There are limited data on the use of preoperative endocrine treatment in premenopausal patients. A combination of Gonadotropin Releasing Hormone analogue (GnRH) and letrozole in premenopausal patients with ER and PgR 
10% with a median duration of 5 and 4 months, respectively, demonstrated a pCR of 3% and a rate of breast conservation of 42% [7]. A tailored approach of chemoendocrine therapy with or without an AI demonstrated pCR rates of 7% and 11%, respectively, and BCS rates of 62% and 58%, respectively [8]. However, none of the approaches can be used as a routine therapy. As has been stated before, chemotherapy and tamoxifen should be delivered sequentially but no such data exist for ovarian function suppression (OFS). Hence, the concomitant use of any indicated chemotherapy with GnRH might be considered as acceptable in women with a desire of pregnancy [9]. A combined chemoendocrine approach, including an aromatase inhibitors (AI), is investigational.
The AIs are well-established in the neoadjuvant endocrine treatment of postmenopausal women with hormone-responsive tumors 1. The IMPACT trial could not demonstrate a significant benefit in terms of the clinical response rate for the AIs over tamoxifen [10].
appropriate duration of NST
It has been accepted that the chemotherapy should be completed before surgery, except for the rare patient in whom disease progression during treatment threatens to make the patient inoperable. At least six cycles should be administered over 4 to 6 months. Endocrine treatment should be given for 4 to 6 months before proceeding to surgery [11].
early response evaluation
To avoid unnecessary toxicity without potential for benefit from the treatment, early response evaluation should be performed. The time of response evaluation depends on the treatment given and should be performed 6–9 weeks after the start of treatment.
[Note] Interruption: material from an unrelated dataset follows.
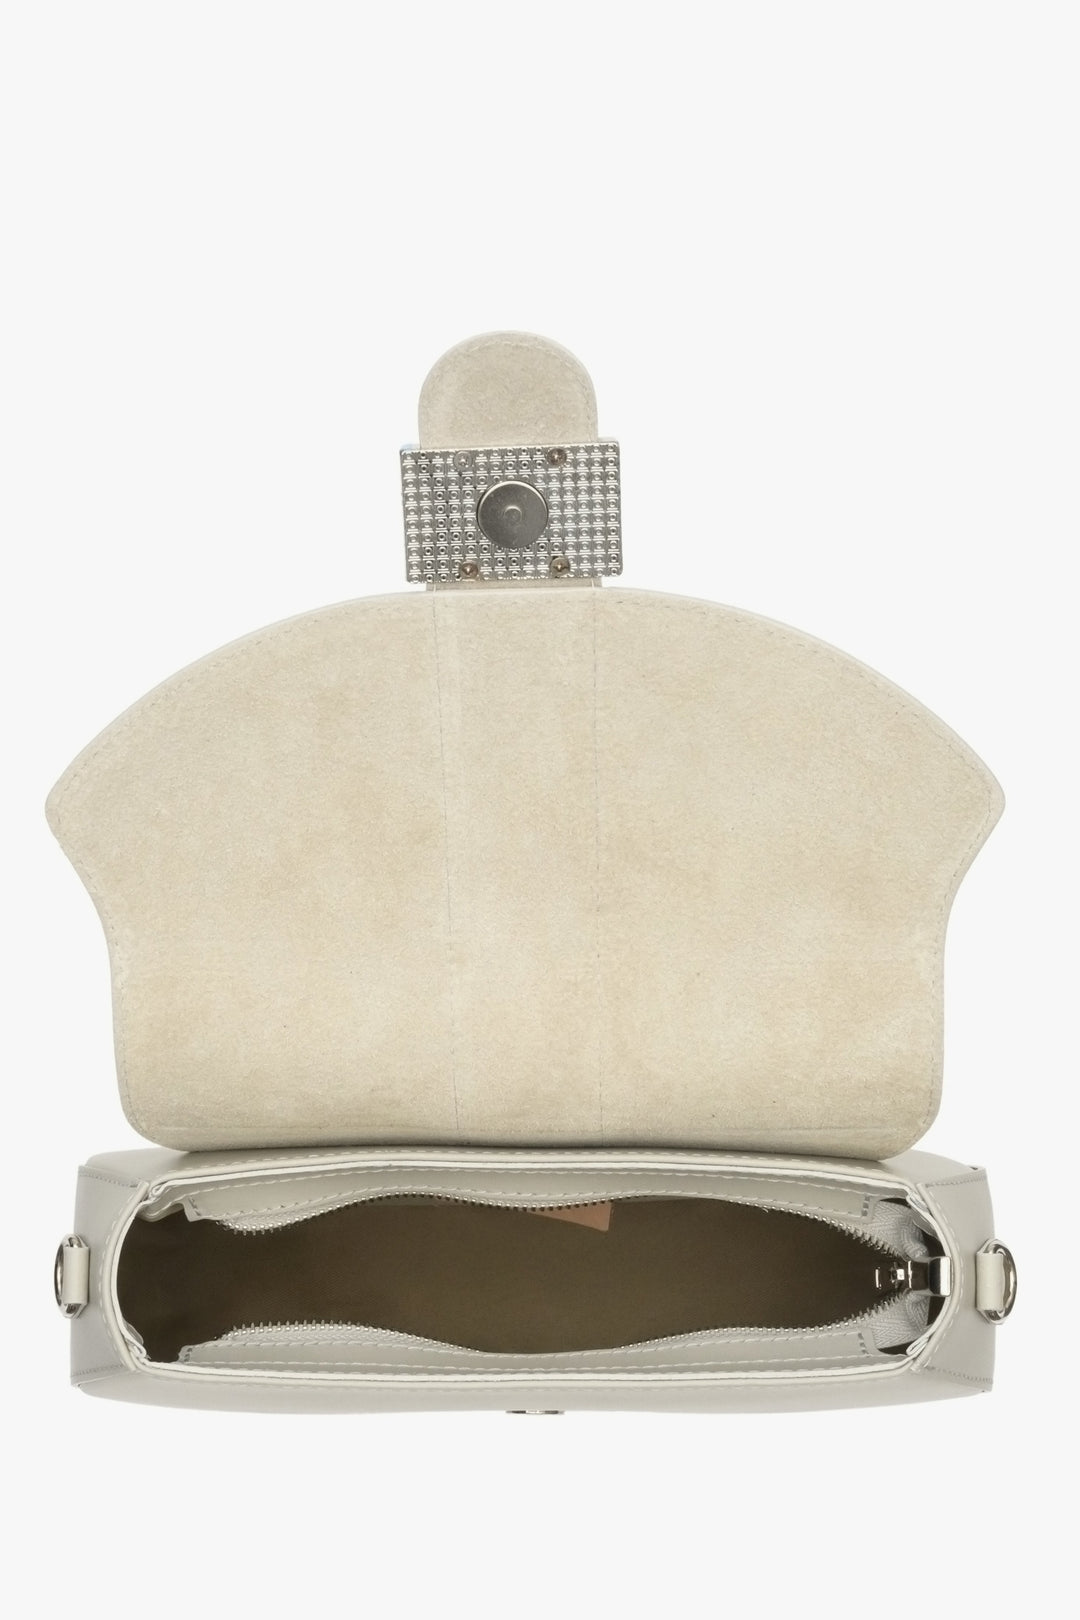 Medium-sized women's light beige leather handbag by Estro - interior view of the model.

Patients with an early clinical response seem to derive the most benefit from a non cross-resistant regimen. In patients with insufficient early response, especially progressive disease, a switch of treatment should be considered. The aim in those patients is to spare toxicity because they gain little, if any, benefit from a non cross-resistant regimen.
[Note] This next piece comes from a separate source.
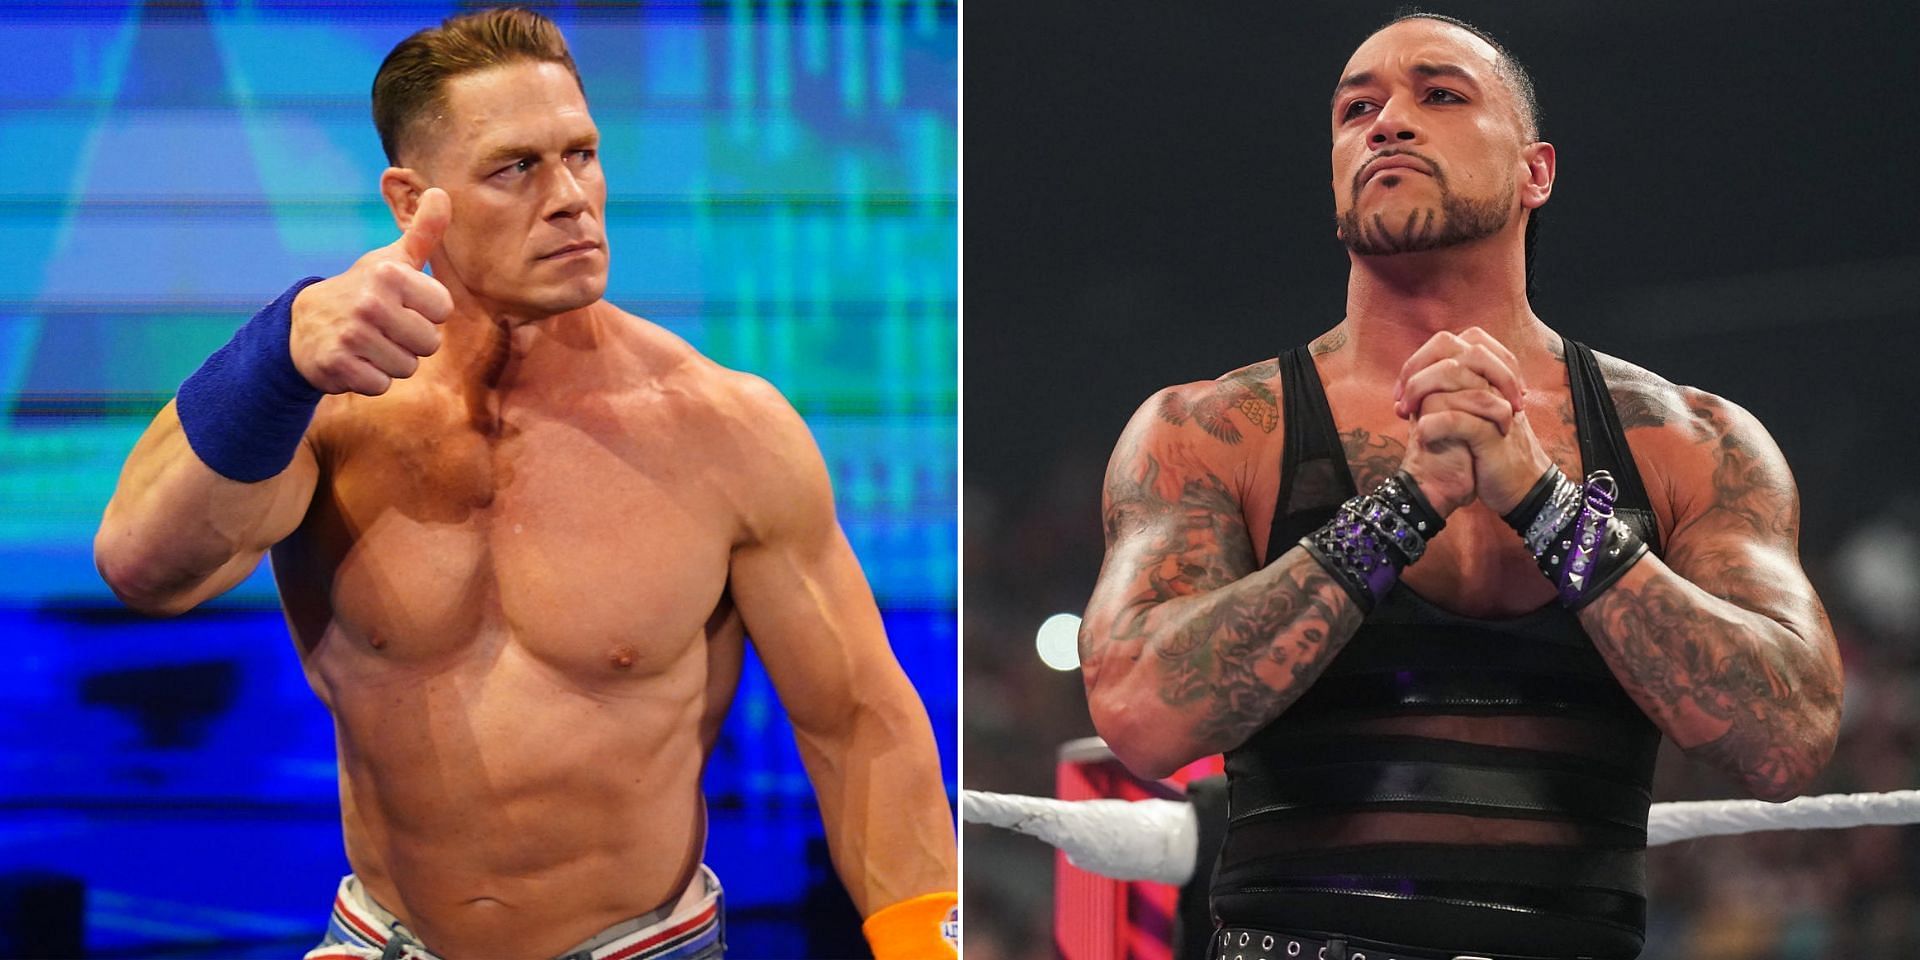 A WWE star paid tribute to John Cena on RAW

predictors of response or resistance
Predicting the chance of response to treatment before starting NST is an important research goal. Patients with a low chance of a pCR, and especially a low chance of a clinically useful response, might then be spared unnecessary toxicity [12]. Patients whose tumors express markers predictive of chemo-response are the best candidates for neoadjuvant chemotherapy. Negative hormone receptor status is one of the strongest predictive markers for chemo-response in general. Tumors completely lacking such receptors were found to be particularly sensitive to preoperative cytotoxic agents, but despite a pathological complete remission rate exceeding 40%, survival of patients with this phenotype was reported in several studies to be shorter than for those with receptor-positive tumors [13–15].
Several neoadjuvant trials demonstrate a difference between lobular invasive and ductal invasive carcinomas in terms of response to NST and BCS [16–18]. However, there is still a debate as to whether the lower response rate of lobular cancers to NST translates into a worse overall survival.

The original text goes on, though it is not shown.